Spectacles, testicles, fags and matches was a ritual used by Servicing Commandos after doing anything they called 'hairy'. It was a completely non-religious act, but strangely comforting. From the jungles of Burma to the foggy plains of Germany, the RAF Servicing Commandos were the men who kept the most advanced aircraft of the RAF flying. Yet there has been very little written about them.
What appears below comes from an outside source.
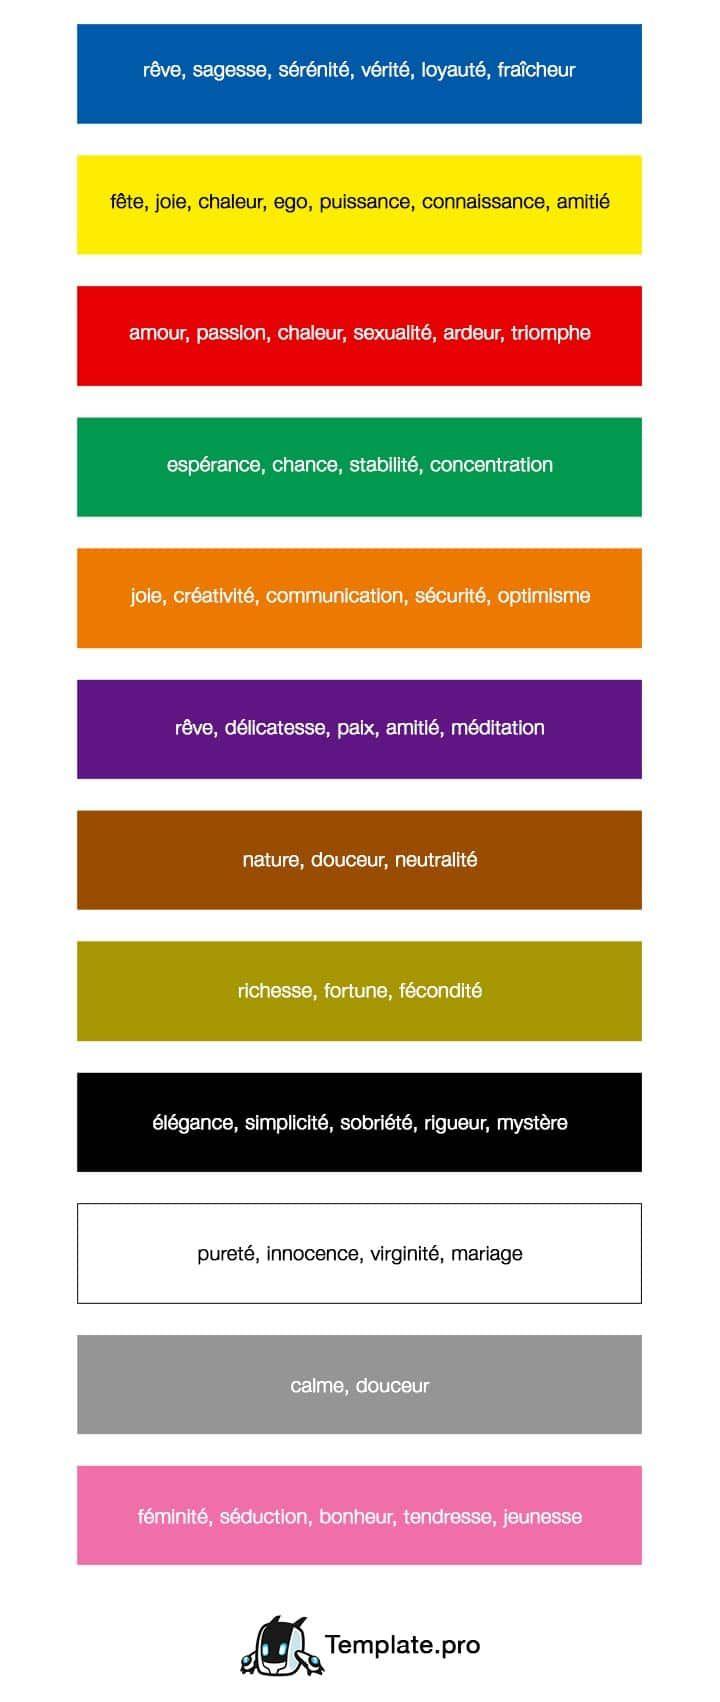 Le Petit Guide Pour Comprendre La Signification Des Couleurs Psychologie Des Couleurs Signification Des Couleurs Psychologie

Historians, up to today, are surprised to learn of their existence and astonished to learn of their activities. But without those Units the RAF would have had great difficulty in providing close cover for the forward troops. Without them, the fighter planes would have spent less time in action, destroying the strong points and tanks of a determined enemy. These elite Units serviced and maintained, re-armed and re-fuelled, repaired and recovered the front line aircraft on which so much depended, and did it all immediately behind the most forward troops. Fully trained in the techniques of Combined Operations they could land from the seas on any hostile territory and establish new airstrips almost instantaneously. They are, surprisingly, the Forgotten Men. This is their story told by the men themselves.

About the Author:

TOM ATKINSON had a very interesting life. After serving in the RAF throughout WWII, he spent the next twenty years in the diplomatic service of the Republic of Indonesia, having been in a position to help the young Republic to become established, during the latter part of his RAF service. This is described in his contribution to this book. 

Tom left Indonesia just before the horror of the military take-over in 1965, when a million or so Indonesians were slaughtered. Since then he has been a hotelier in the remote north-west of Scotland, followed by ten years on a small self-sufficient farm in west Wales.

Returning to Scotland, he founded Luath Press, and wrote a series of guide books to his beloved West and North of Scotland.

Later he helped his herbalist daughter to breathe new life into Napiers of Edinburgh, a herbal consultancy established in 1860, and he operated Napiers Mail Order business for three years, before retiring for the third time.